Después de las victorias de Miami sobre Boston y Chicago, el ex jugador de los Bulls, Scottie Pippen, comparó a LeBron James con Michael Jordan. Y a partir de ese momento, algunos analistas emitieron similares declaraciones aprovechando que el Heat parecía encaminar su pasos hacia el título de la NBA.
A Pippen lo podemos entender, pues a pesar de haber sido uno de los mejores jugadores de la NBA, es un ser humano con imperfecciones que, aunque no lo exprese públicamente, pudiera guardar sus celos por haber actuado durante casi toda su carrera bajo la sombra de Jordan.
A quienes no entiendo son los analistas que realizaron una comparación inadmissible. Al menos por el momento.
Nosotros no le restamos méritos al delantero de Miami, pero existen diferencias entre él y Jordan, y son las que dividen a una superestrella normal de otra superestrella especial. James es una superestrella normal y Jordan fue especial.
Jordan fue un jugador completo. No sólo fue el mejor en el orden ofensivo, también fue un excelente defensor, con buenas habilidades para maniobrar el balón y organizar jugadas con los restantes componentes del equipo. Se le consideró un líder nato que con su influencia y personalidad en la cancha le daba ritmo al trabajo colectivo, ayudando a que un jugador mediocre a su lado se convirtiera en bueno y uno bueno en estrella.

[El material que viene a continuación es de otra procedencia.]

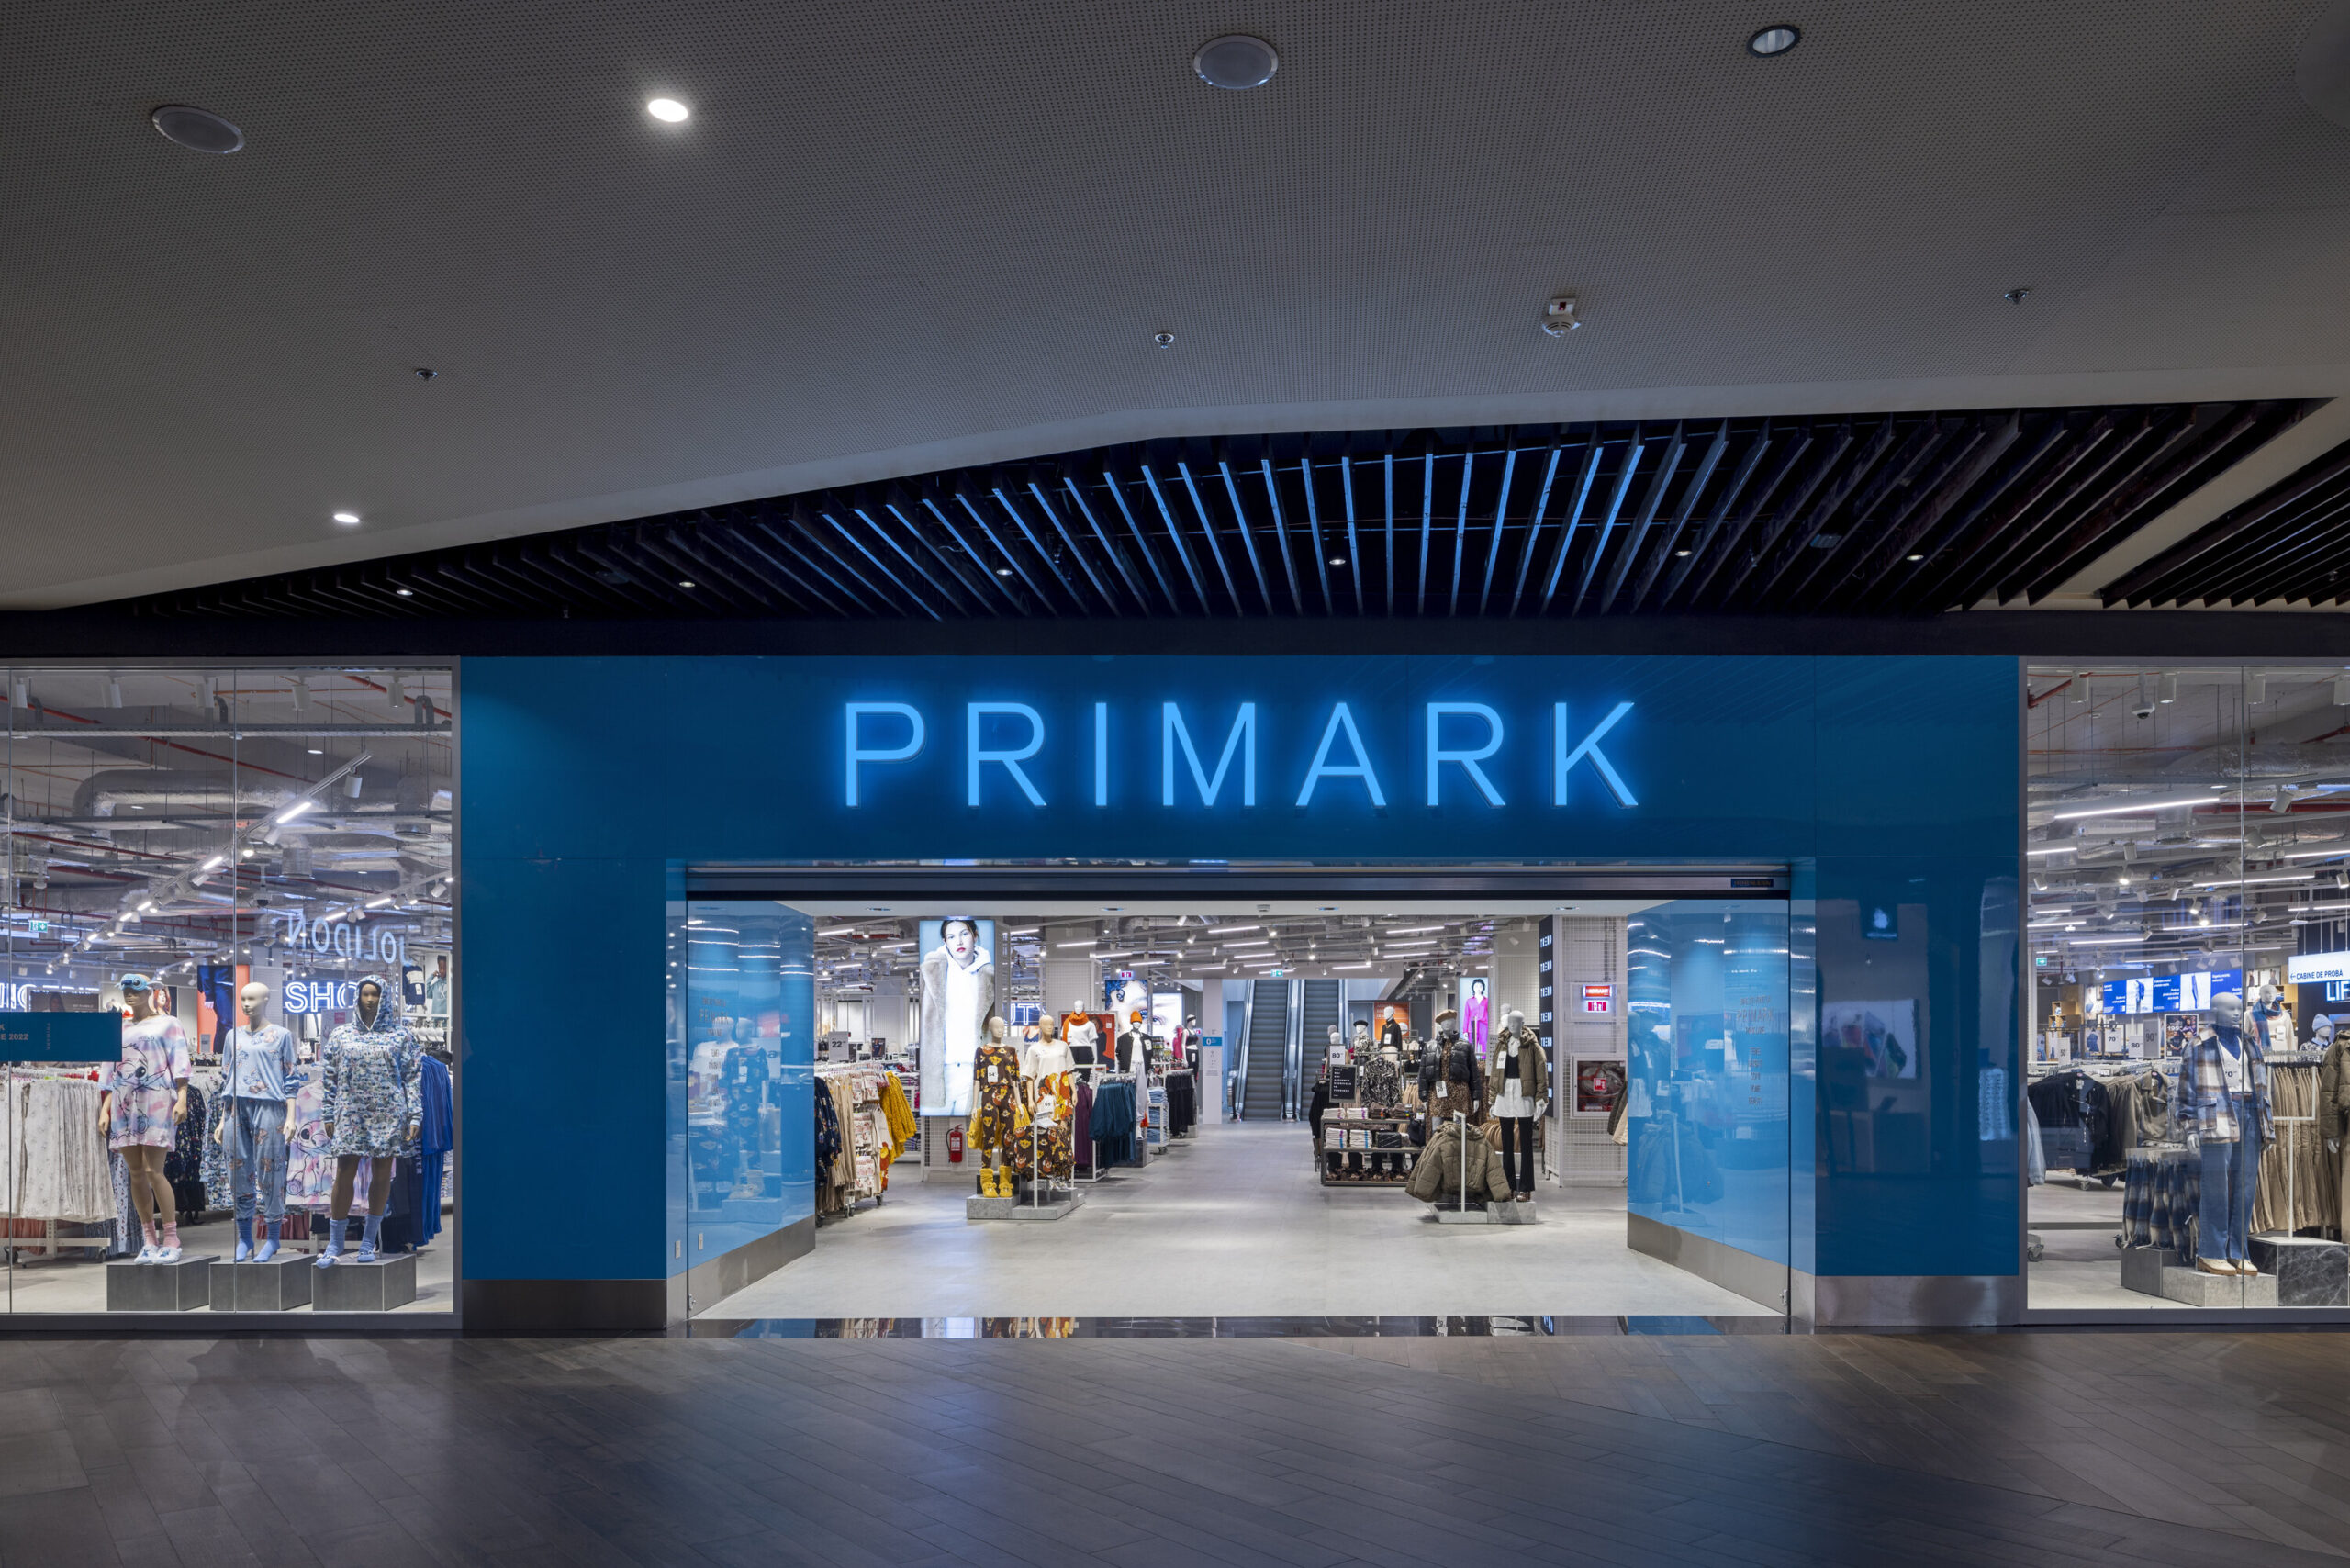 Primark, retailerul internațional de modă, a deschis astăzi primul magazin din România în centrul comercial ParkLake

Fue un atleta que nunca fallaba en los momentos difíciles.
No por gusto guió a los Bulls a varias coronas de la NBA. A la hora precisa, cuando un error podía conducir a la derrota, ahí llegaba Jordan para decidir el partido Y casi siempre lo decidía a su favor.
Aunque James es un jugador completo y es lo más parecido a Jordan en el básquetbol actual, aún no llega a la altura del que ha sido el rey de este deporte.
En su segunda final de la NBA, James mostró problemas que lo alejan de una posible comparación con Jordan. Le faltó liderazgo y falló cuando el equipo lo necesitaba. No fue capaz de contribuir a que el Heat tuviera una buena labor de conjunto en busca de la victoria frente a un quinteto que enseñó una mejor organización colectiva, un juego superior en los momentos de presión y las agallas que poseen los campeones.
En la historia del deporte sobran los casos en que un jugador estrella no es un gran ganador y es incapaz de guiar a su equipo al campeonato. Puede ser el caso de James, aunque tampoco descartamos que mejore sus puntos débiles. Creo que por ser un atleta joven de enorme talento, pudiera en un futuro mejorar la imagen que se ha creado de fallar en los momentos decisivos.
Algo que también debería mejorar James es controlar su egocentrismo. No creerse un Dios del baloncesto, pues no lo es. Tratar de ser más humilde, pues la humildad ayuda.
Cuando James llegó a Miami prometió no uno, ni dos, ni tres, sino más de cinco títulos. Falló en su primer intento. Pero no es el único jugador estrella que demoró tiempo para ganar un título de la NBA. Leyendas como Wilt Chamberlain, Bill Rusell, Magic Johnson y Larry Bird tuvieron que esperar para ponerse el anillo de campeón. James está a tiempo.
Cuando las expectativas que se crean para un equipo es superar a otros que se convirtieron en dinastías, ninguna otra cosa que no sea la victoria en la final de la NBA, es aceptable. Por ello, las tres derrotas consecutivas del Heat, incluyendo el sexto juego en casa, fueron decepcionantes.